Supplied data -
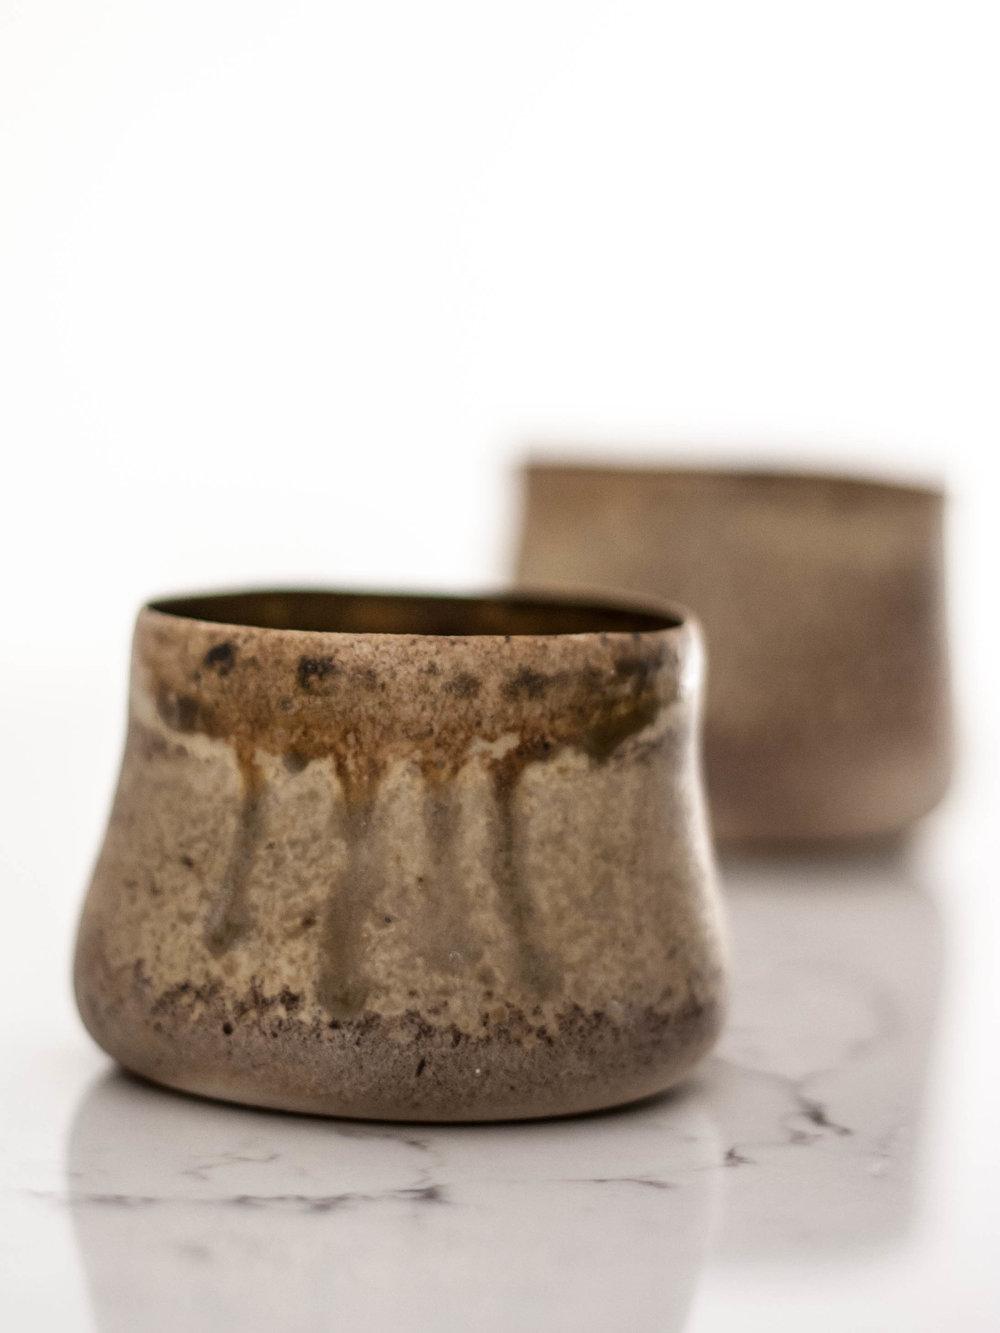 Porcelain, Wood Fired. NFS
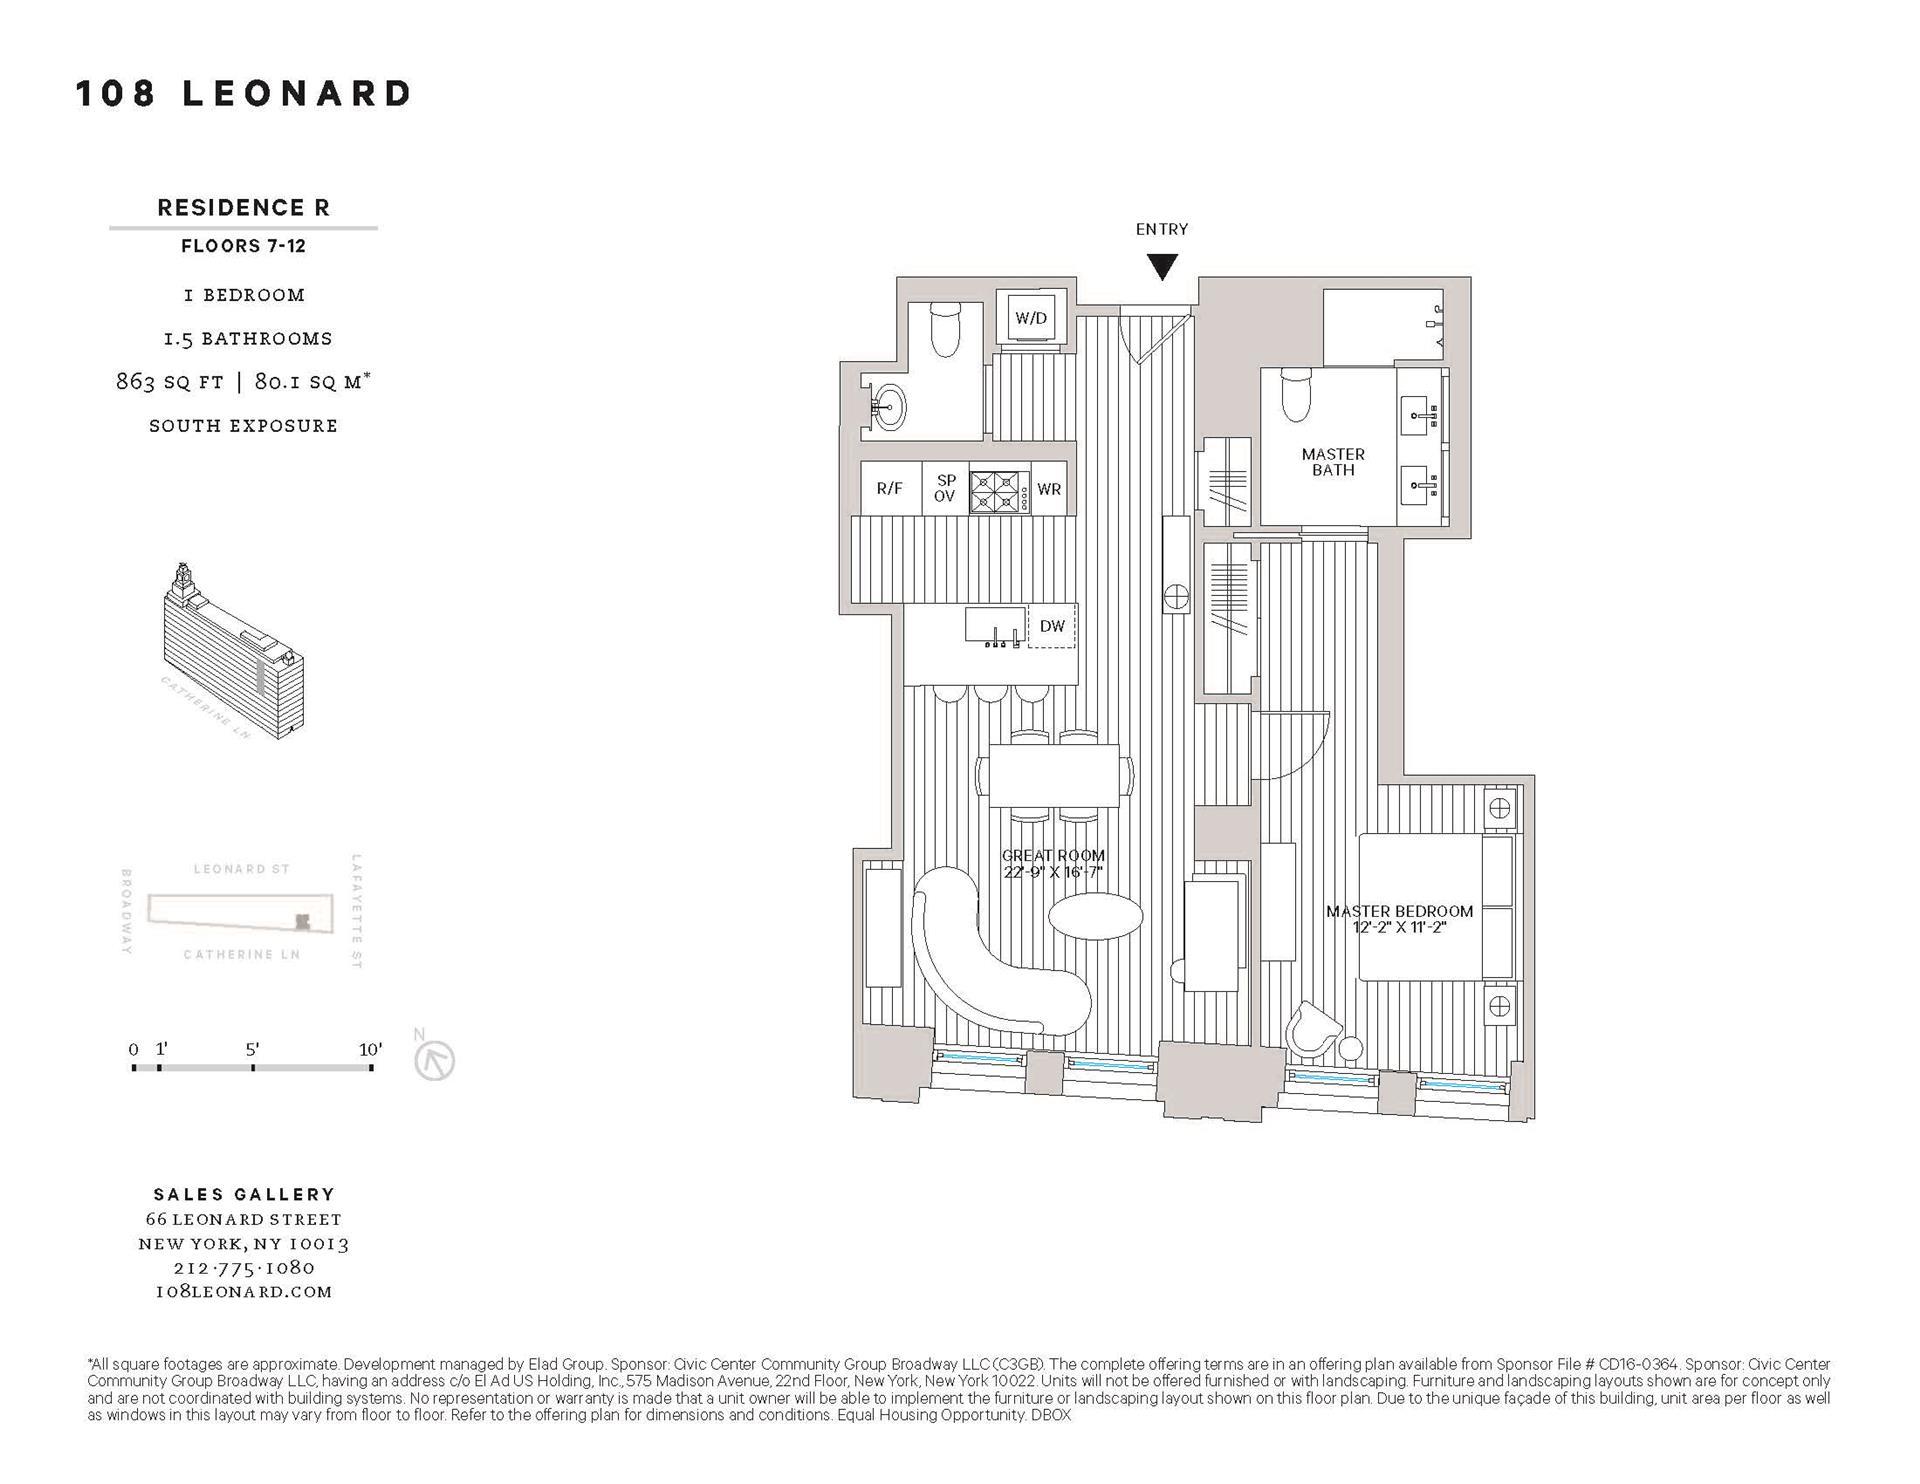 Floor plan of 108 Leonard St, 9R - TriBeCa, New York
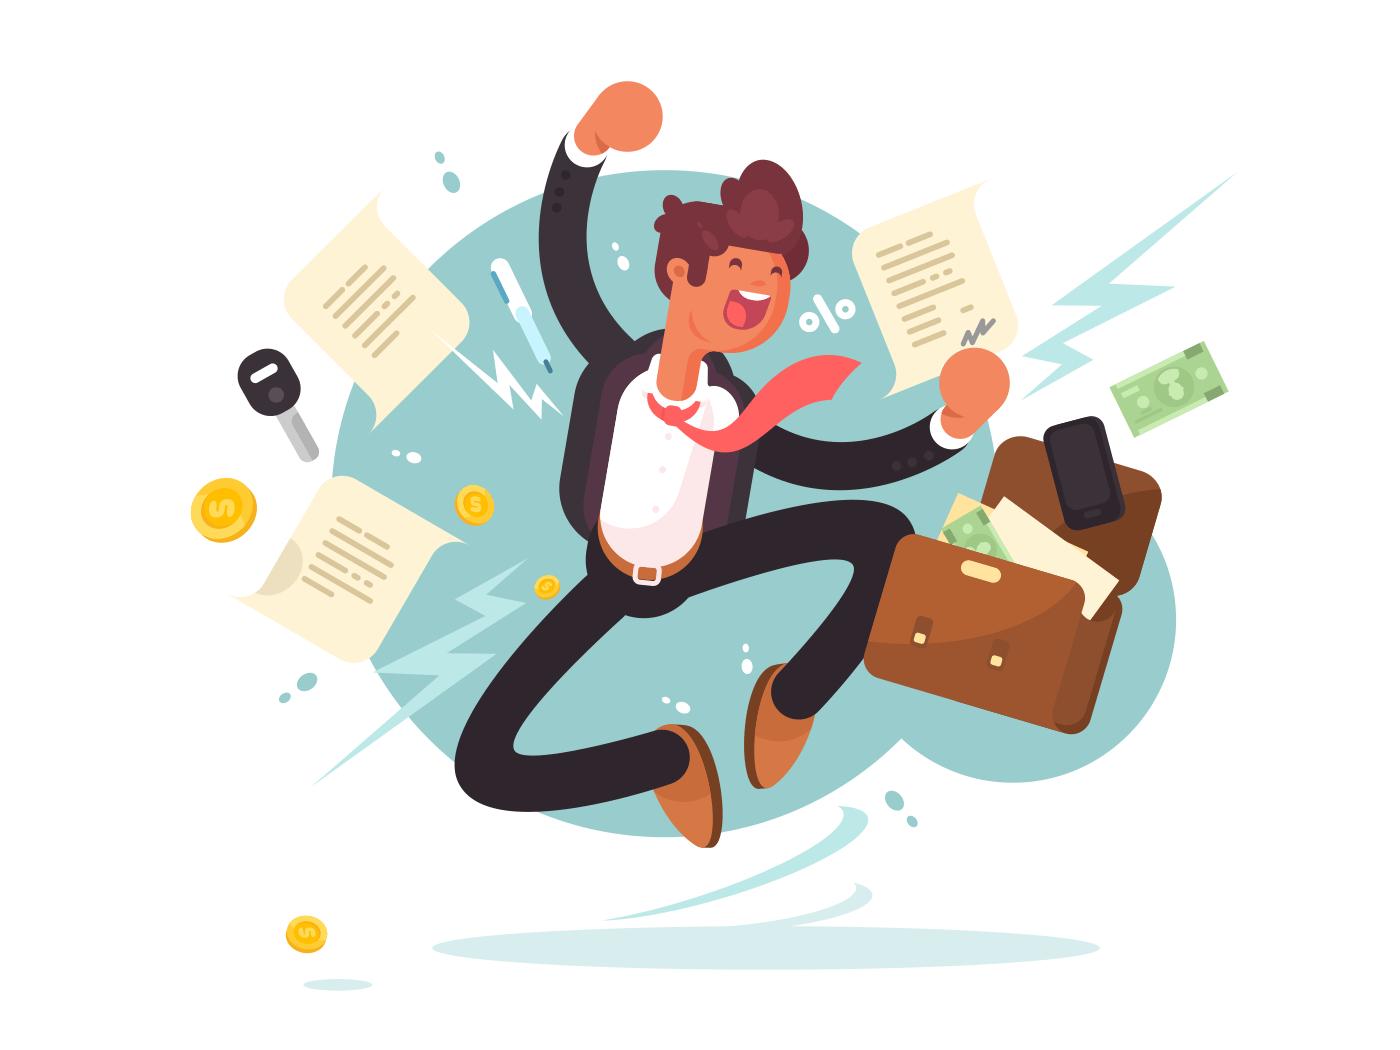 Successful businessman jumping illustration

Goal of the exercise -
Any picture in the listing above gets left out; output the rest exactly.

Response box -
 Porcelain, Wood Fired. NFS
 Floor plan of 108 Leonard St, 9R - TriBeCa, New York
 Successful businessman jumping illustration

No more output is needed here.